The worlds of academic and commercial research are being riven at the moment with concerns and accusation about how poor much of the research and conclusions that have been published are. This particular problem is not specifically about market research, it covers health research, machine learning, bio-chemistry, neuroscience, and much more. The problem relates to the way that tests are being created and interpreted. One of the key people highlighting the concerns about this problem is John Ioannidis from Stanford University and his work has been reported both in academic and popular forums (for example The Economist).
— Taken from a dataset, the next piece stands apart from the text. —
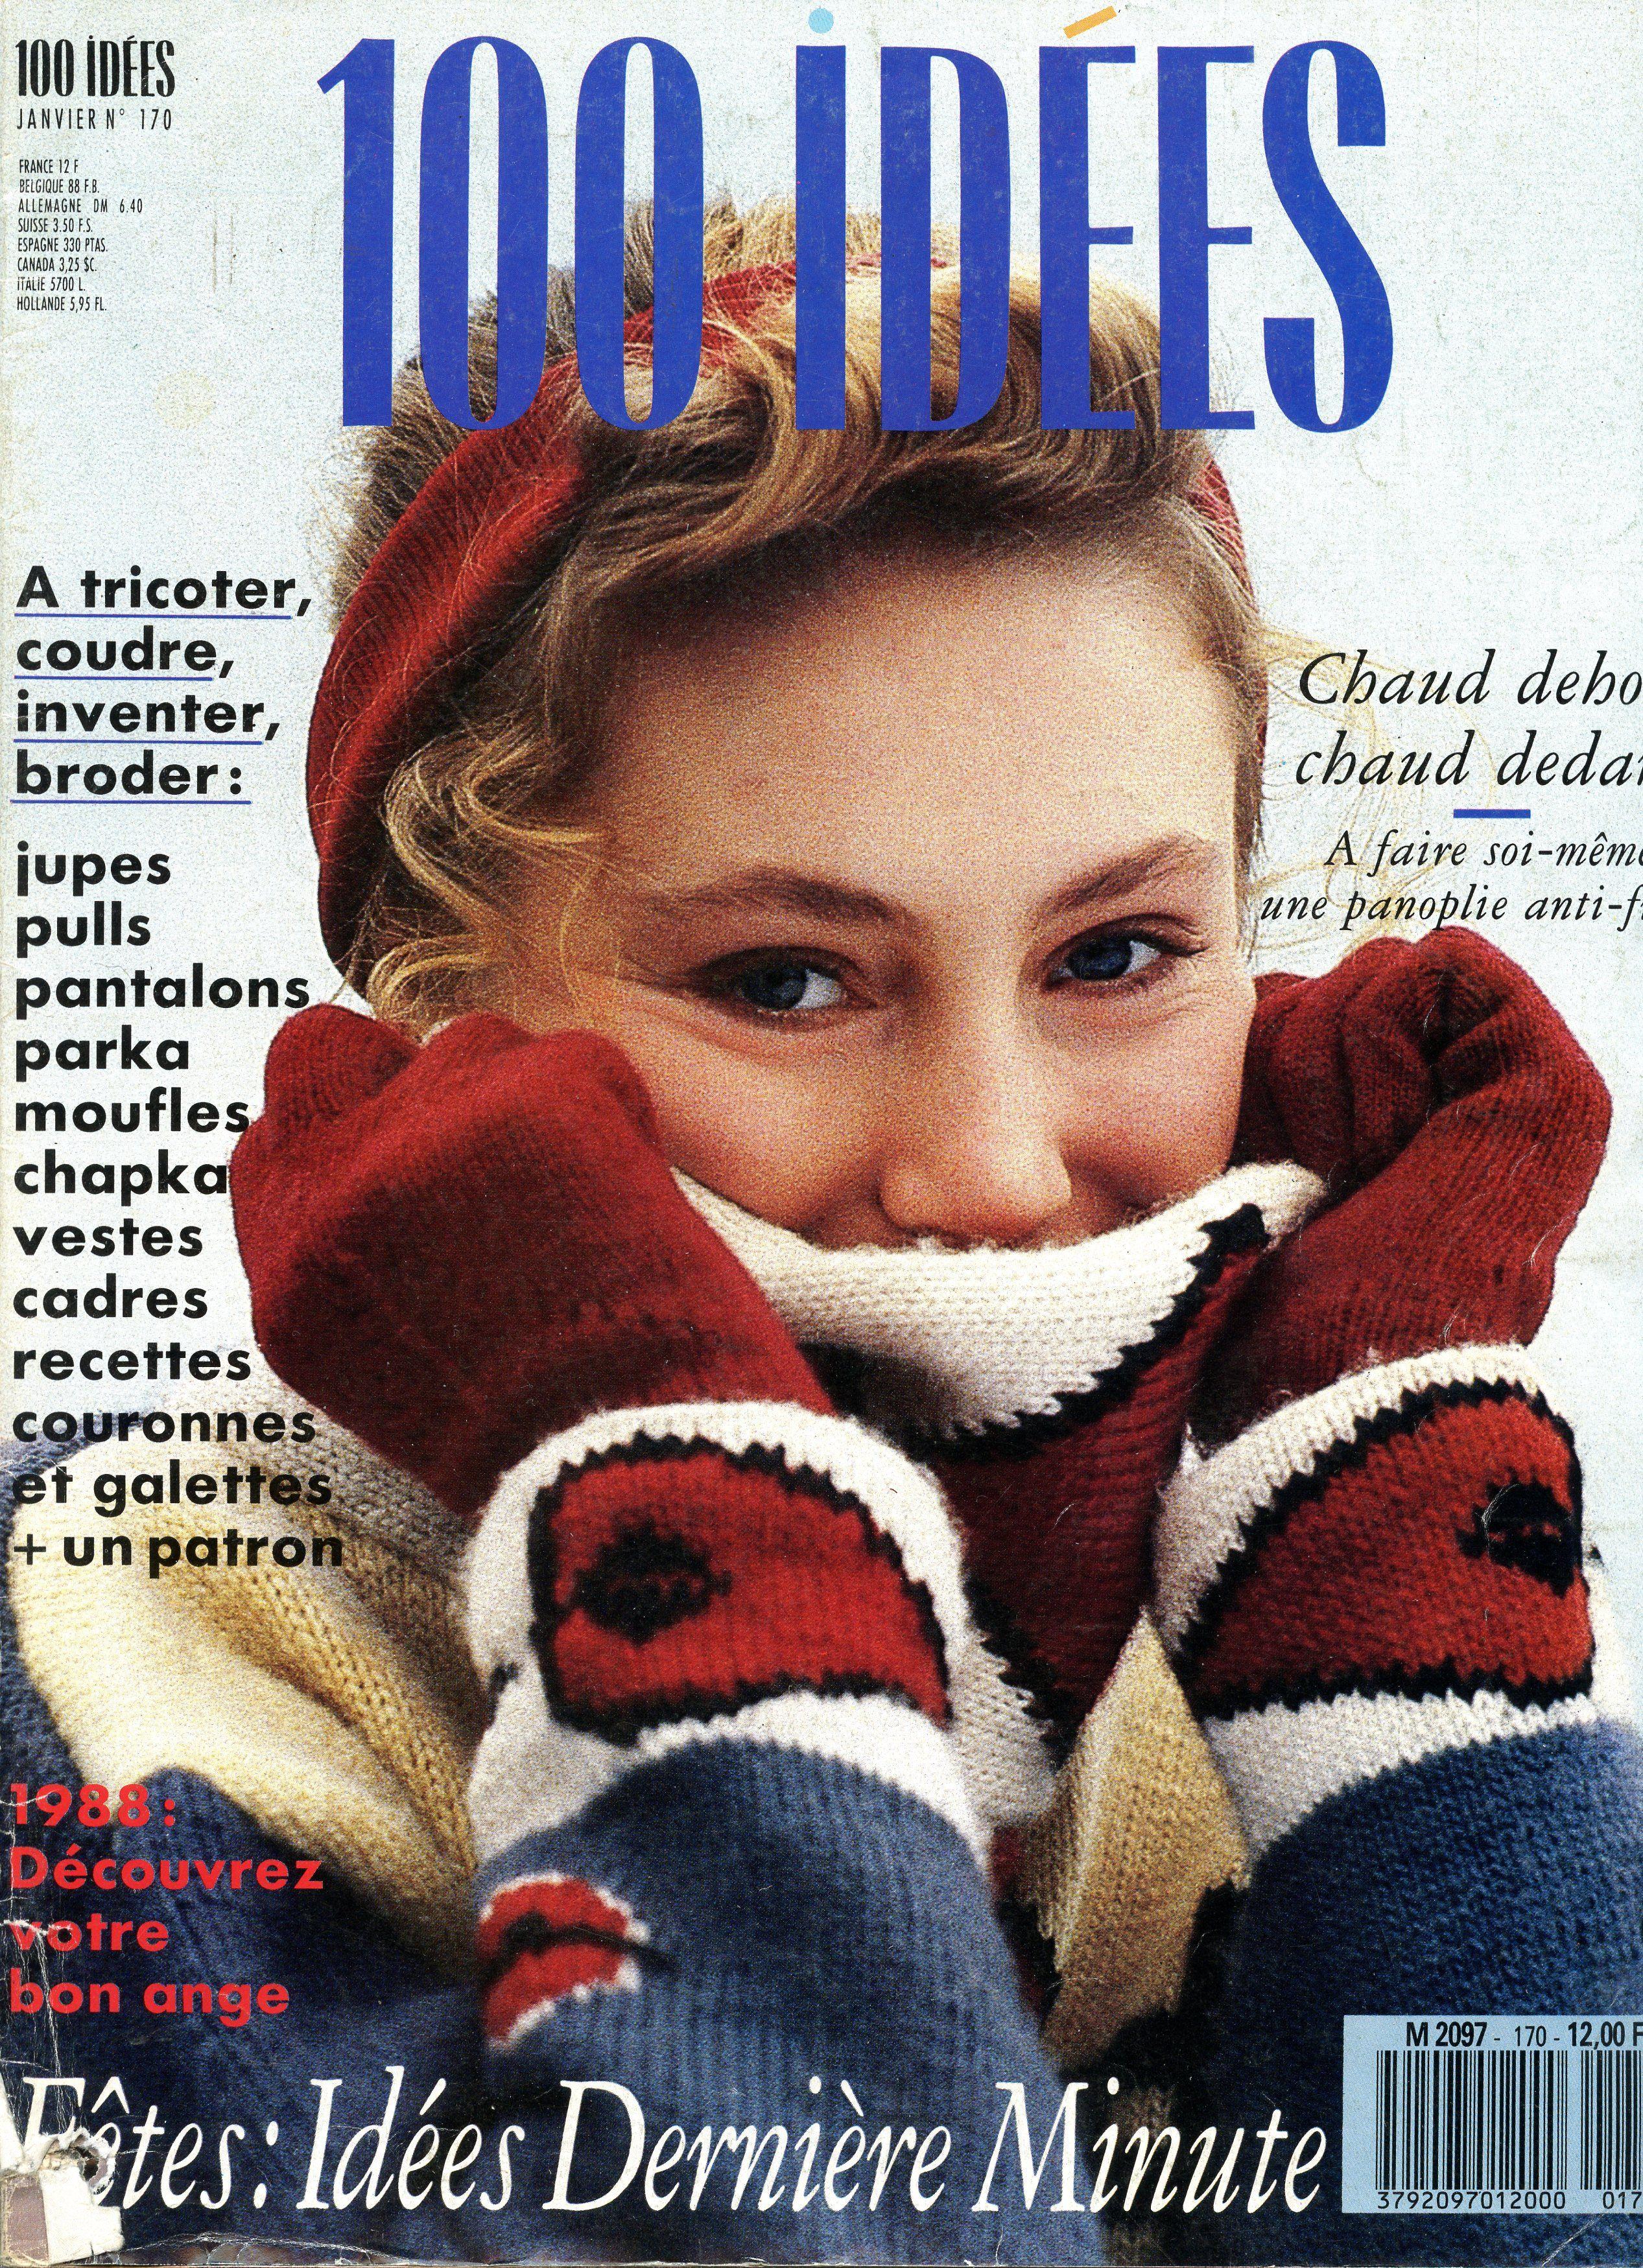 100 Idées n° 170 - janvier 1988 - couverture - photo M. Berton.

The quote “most published research findings are probably false.” comes from Ioannidis.
Here are some of the quotes and worries floating about at the moment:
- America’s National Institutes of Health (NIH) – researchers would find it hard to reproduce at least three-quarters of all published biomedical findings
- Sandy Pentland, a computer scientist at the Massachusetts Institute of Technology – three-quarters of published scientific papers in the field of machine learning are bunk because of this “overfitting”
- John Bohannon, a biologist at Harvard, submitted an error stewm paper on a cancer drug derived from lichen to 350 journals (as an experiment), 157 accepted it for publication
Key problems that Ioannidis has highlighted, and which relate to market research are:
1. Studies that show an unhelpful result are often not published, partly because they are seen as uninteresting. For example, if 100 teams look to see if they can find a way of improving a process and all test the same idea, we’d expect 5 of them to have results that are significant at the 95%, just by chance. The 95 tests that did not show significant results are not interesting, so they are less likely to be published. The 5 ‘significant’ results are likely to be published, and the researchers on that team are likely to be convinced that the results are valid and meaningful. However, these 5 results would not have been significant if all 100 had been considered together. This problem has been widely associated with problems in replicating results.
2. Another version of the multiple tests problem is when researchers gather a large amount of data then trawl it for differences. With a large enough data set (e.g. Big Data), you will always find things that look like patterns. Tests can only be run if the hypotheses are created BEFORE looking at the results.
3. Ioannidis has highlighted that researchers often base their study design on implicit knowledge, without necessarily intending to, and often without documenting it. This implicit process can push the results in one direction or another. For example, a researcher looking to show two methods produced the same results might be thinking about questions that are more likely to produce the same answers. Asking people to say if they are male or female is likely to produce the same result, across a wide range of question types and contexts. By contrast, questions about products that participants are less attached to, in the context of a 10 point-scale emotional associations are likely to be more variable, and therefore less likely to be consistent across different treatments.
4. Tests have a property called their statistical power, which in general terms is the ability of the test to avoid Type II errors (false negatives). The tests in use in neuroscience, biology, and market research typically have a much lower statistical power than the optimum. This led John Ioannidis in 2005 to assert that “most published research findings are probably false”.
What should market researchers make of these tests and their limitations? Test data is a basic component of evidence for market research. Researchers should seek to add any new evidence they can acquire to that which they already know, and where necessary do their own checking. In general, researcher should seek to find theoretical reasons for the phenomena they observe in testing – rather than relying on solely on test data.
However, let’s stop saying tests “prove” something works, and let’s stop quoting academic research as if it were “truth”. Things are more or less likely to be true, in market research and indeed most of science, there are few things that are definitely true.
The ‘science’ underpinning behavioural economics, neuroscience, and Big Data (to name just three) should be taken as work in progress, not ‘fact’.
Is Ioannidis Right?
If we are in the business of doubting academic research, then it behoves us to doubt the academic telling us to be more skeptical. There are people who are challenging the claims. For example this article from January 2013 claims that the real figure for bad biomedical research is ‘just’ 14%, rather than three-quarters.